The hands-on, project-based approach of this course combines relevant subject-specific competences such as engineering, user-centered design, accessibility, and project management, with social and personal competencies. Uniquely, this course further fosters the direct interaction with actual end users of the technologies (i.e., people with disabilities) and aims for practical outcomes which can and will directly be used in the real world after completion of the project. This prospect of working on a real problem and the outcome having a real impact is expected to have a considerable positive effect on students’ motivation. Further, this format prepares them well for later projects in their career where they will also not be able to fall back on an off-the-shelf solution.

Conventionally, during group projects in their studies, students mostly work together with other students from their own or very closely related fields. However, after graduating and when working in industry, they will likely often work together with colleagues from different backgrounds. Therefore, the interdisciplinary collaboration between students coming from various departments is intended to equip the students with important personal and social competencies for their future careers.

I think the course was awesome, especially coming from mechanical engineering it was very nice to work in a interdisciplinary team and to have a real impact on a person’s life.
student feedback

Effects on Student Learning 

In a feedback survey after completion of the course, students indicated that they had developed competencies across all areas of the ETH competency framework, with particularly strong gains in social (e.g., communication, cooperation, and teamwork) and personal (e.g., adaptability, creative and critical thinking) skills compared to subject-specific (e.g., prototyping and risk management) or methodological competencies (e.g., project management and problem-solving).
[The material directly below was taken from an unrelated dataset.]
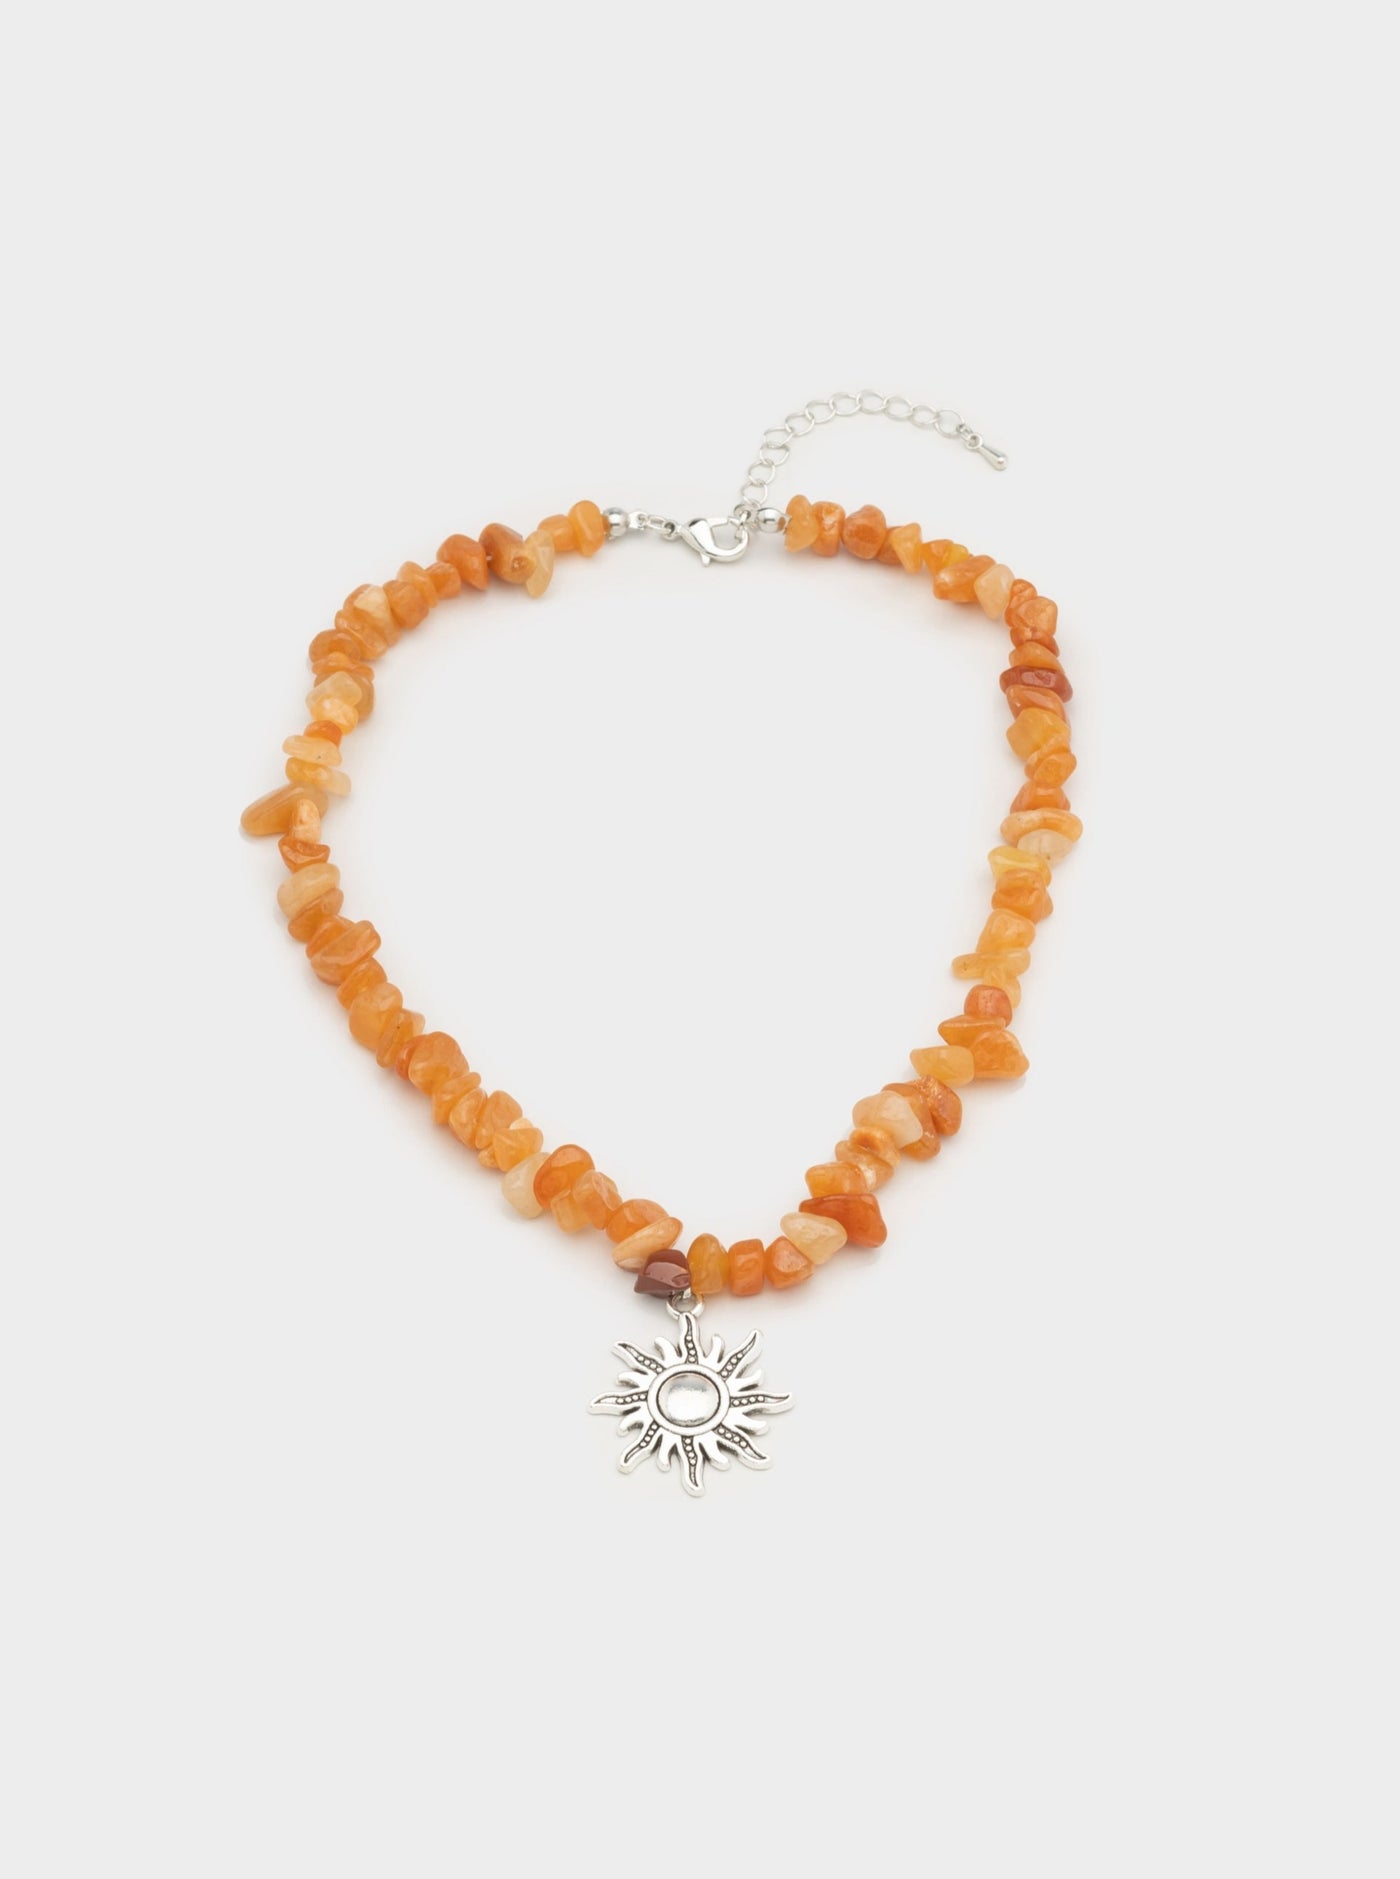 Necklace with orange stones chain and sun pendant

This contrasts with many traditional ETH courses focusing primarily on subject-specific skills and was perceived by students as highly relevant for their future careers.

ETH Competence Framework

Which Elements of Your Project Would You Recommend to Others? 

Framing a course project around a real-world challenge, which includes the building of a personal connection between the students and the intended recipient of the project outcome, highly promotes students‘ engagement and motivation. However, it needs to be considered that the scaling of such a course format is difficult: if a similar course should accommodate a notably larger number of students, the offered projects would need to pursue a common challenge, and significantly more resources (e.g., workshop access, supervisors, hardware budget) would need to be provided.